The FDG-CCS differed from the previous version of the checklist because it included 13 categories of clinical complications and introduced a numeric rating system. The two items “endocrine-metabolic disorders” and “musculo-skeletal-cutaneous complications” of the previous checklist were split in four separate categories (i.e., endocrine disorders, metabolic disturbances, musculo-skeletal and cutaneous complications), to assess their occurrence more specifically. Indeed, available data show that metabolic alterations and endocrine disturbances can specifically and separately influence patients’ clinical evolution (19, 20), whereas cutaneous (e.g., pressure sores) and musculo-skeletal complications are both particularly frequent in patients with sABI but imply tailored treatment and differentially impact on outcomes (21). Moreover, a new category “sepsis,” i.e., “life-threatening organ dysfunction caused by a dysregulated host response to infection” (22) was added, as patients with acute neurologic injury are usually at higher risk for developing in hospital sepsis, due to frequent need for ventilatory support and intravenous therapy via central line catheters that increases the exposition to repeated interactions with multi-resistant pathogens in the lower respiratory trait and in the bloodstream (23). Sepsis has been found to increase mortality in the acute phase of patients with traumatic brain injury (24) and to be the most common cause of in-hospital deaths in several countries (23). Sepsis was diagnosed according to the quick SOFA score criteria [i.e., respiratory rate of 22/min or greater, altered mentation, or systolic blood pressure of 100 mm Hg or less (22)], regardless of the source of infection. Presence of infection of each system/apparatus is reported in their specific categories (3–9), but, for instance, in case of a severe urinary tract infection leading to sepsis, a score is assigned both for the urinary category and for sepsis category.

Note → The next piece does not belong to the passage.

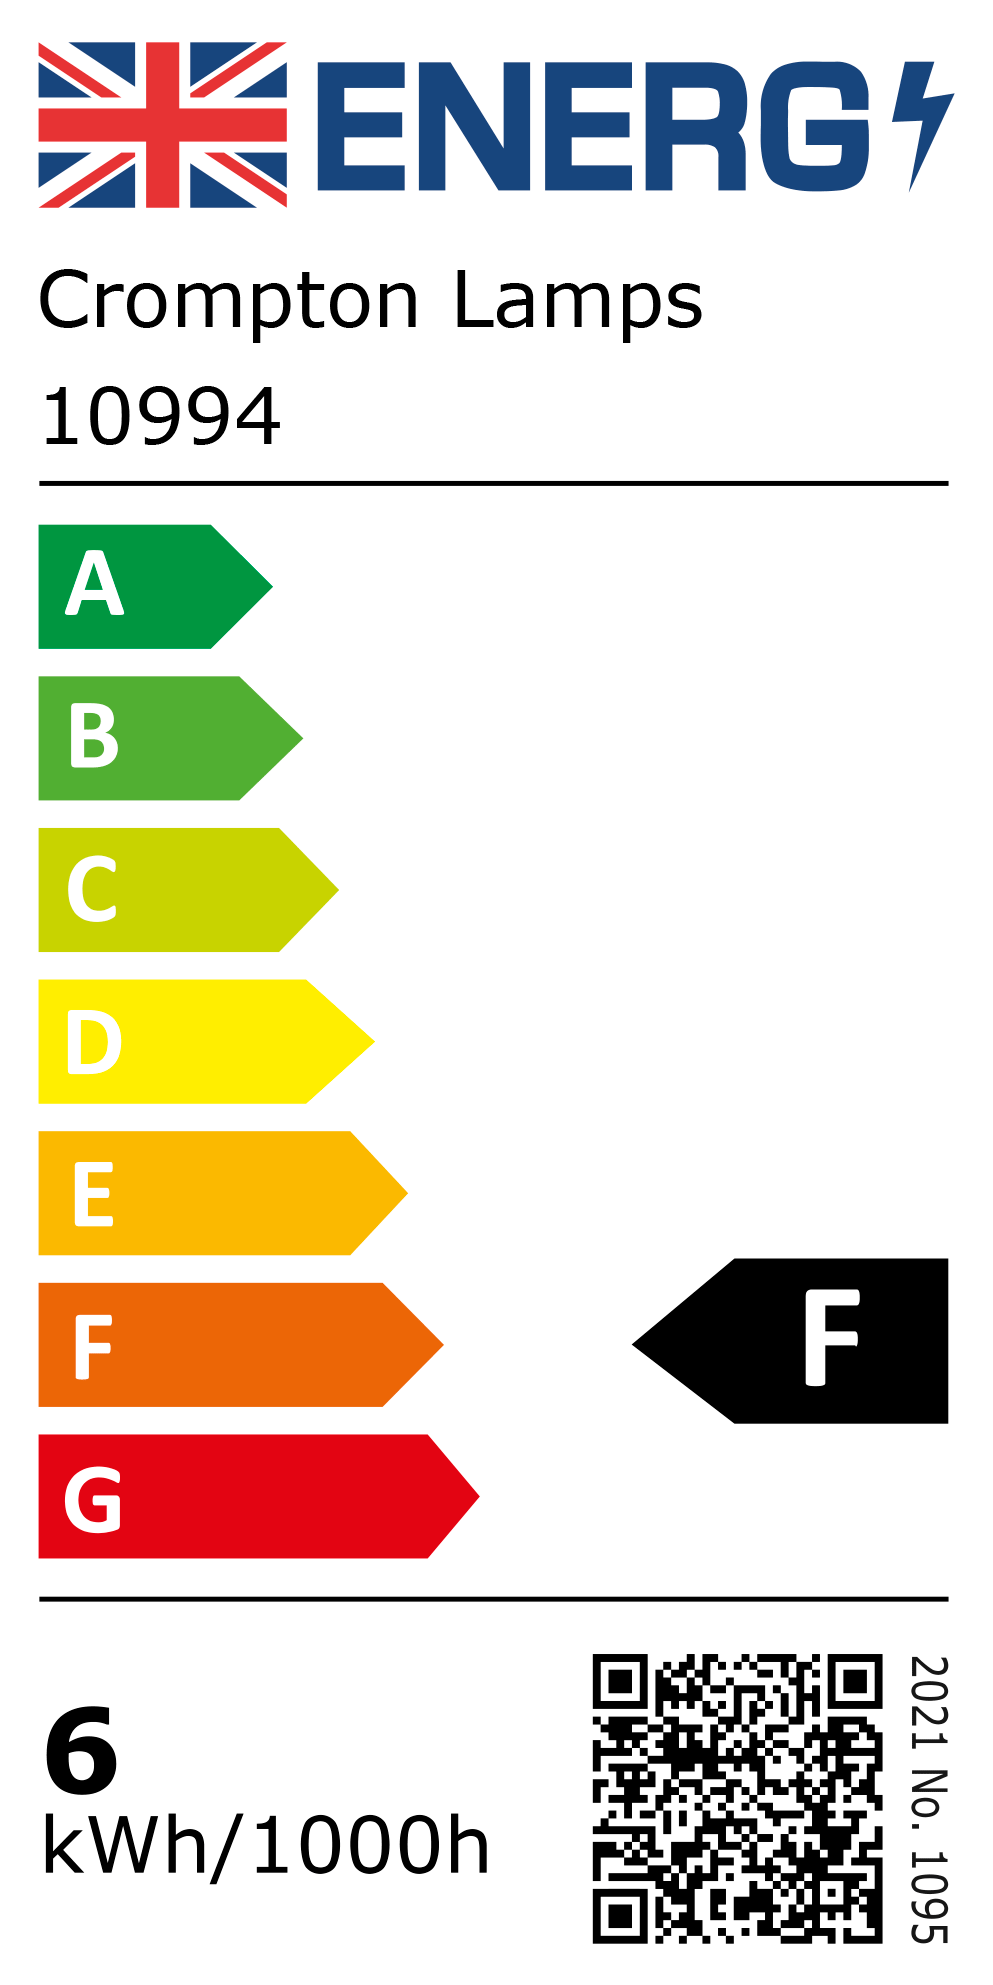 New 2021 Energy Rating Label: Stock Code 10994

As for the numeric system for rating clinical complexity of patients with sABI, the FDG-CCS classifies severity of medical complications included in groups 1–9 on a 4-point ordinal scale, with score 0 meaning lack of complication, whereas scores 1–3 are assigned based on the requirement and intensity of the therapeutic intervention: 1 = no treatment required (mild complication), 2 = required pharmacological or non-pharmacological treatment (e.g., dressing for pressure sores) not associated with intensive clinical monitoring (moderate complication), and 3 = required urgent and/or continuous or sub-continuous treatment and clinical monitoring or surgical interventions (severe complication). The 4-point score (i.e., 0–3) is assigned based on frequency and duration of the episodes for categories 10 (epilepsy/myoclonus) and 11 (paroxysmal sympathetic hyperactivity), and as a function of the number of affected joints for category 12 (heterotopic ossifications). Lastly, the category 13 (sepsis) is rated 0 if absent or 1 if present. In case of occurrence of several clinical complications within the same category, only the most severe is scored.

The FDG-CCS total score ranges from 0 (i.e., no complications) to 37 (presence of all clinical complications with the highest severity). A detailed description of the FDG-CCS and the comparison with original categorization are reported in Supplementary material and Table 1.

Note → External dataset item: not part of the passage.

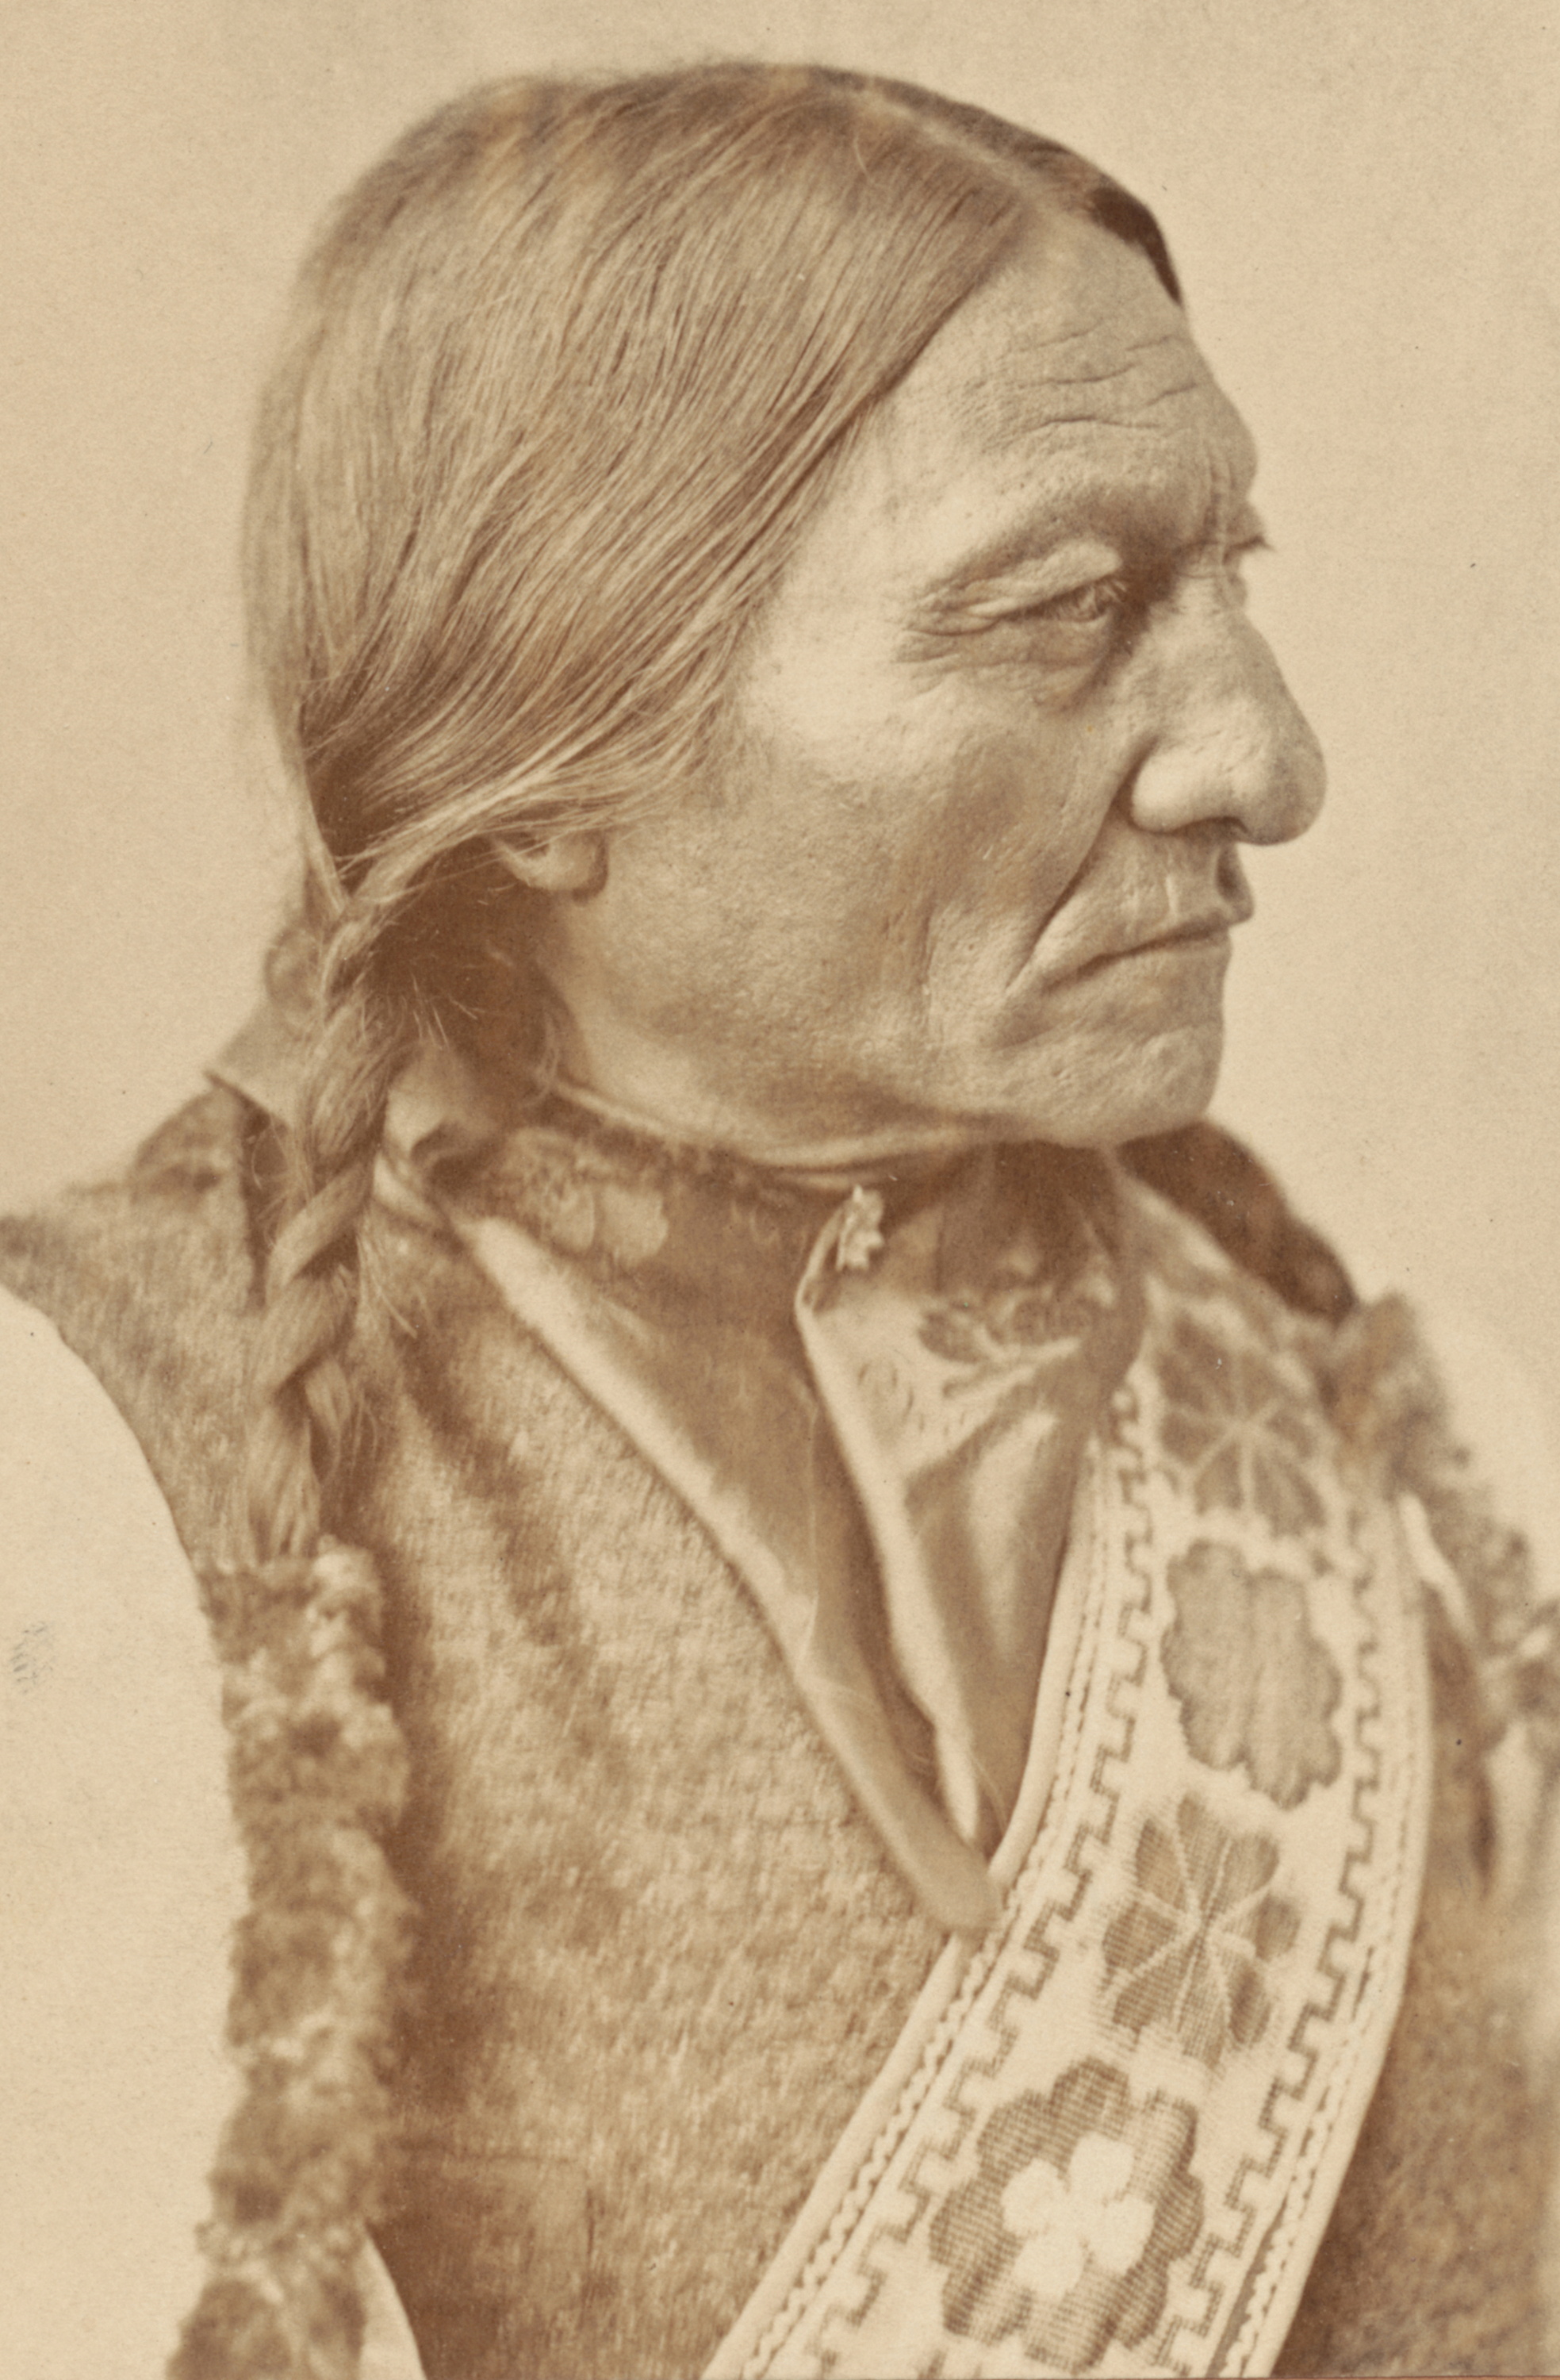 Famed 19th century Native American leader Sitting Bull, who died in 1890, is seen in this picture from circa 1885

In the second phase, a single online training session was performed with professionals from the six neurorehabilitation units, including several professionals who did not participate in the development of the FDG-CCS. This phase was dedicated to present administration and scoring procedures for the Italian version of the FDG-CCS and the CoCoS. Subsequently, all the participating professionals were required to administer and score FDG-CCS on 3 patients with sABI, whose detailed medical reports and paraclinical evaluations (e.g., laboratory tests, radiological exams) performed in a 15-day hospital stay were provided by the study coordinator. Professionals’ scores were analyzed to detect potential inconsistencies among examiners raters and any difficulty in the administration protocol were discussed. At the end of the training phase an inter-rater agreement was calculated for each of the 3 cases. Inter-rater agreement was poor for the score of a clinical complication in the gastrointestinal category (constipation), as the treatment administered (i.e., evacuation enema) was classified as moderate in half of the examiners and urgent in the other half. In the evaluated patients, the correct score was 2 (moderate severity), as it was sufficient to administer the treatment once, and without need of intensive monitoring. Another issue was raised about the possible difficulty to classify some metabolic alterations as metabolic or endocrine. For instance, hypo- or hyper-glycemia could be classified in metabolic category and as a marker of an endocrine disorder (i.e., diabetes mellitus). However, in case of coexistence of metabolic alterations and endocrine disorders, the FDG-CCS protocol recommended scoring only the clinical sign (e.g., hypo- or hyper-glycemia) if the related endocrine disorder (e.g., diabetes mellitus) has not been diagnosed, otherwise scoring only the endocrine disorder (see Supplementary material).

In the third phase of the study, three professionals (A, B, and C) for each participating center independently administered and scored the FDG-CCS (examiners A and B) and the CoCoS (examiner C) in a sample of sABI inpatients, to assess the inter-rater agreement and concurrent validity of the FDG-CCS.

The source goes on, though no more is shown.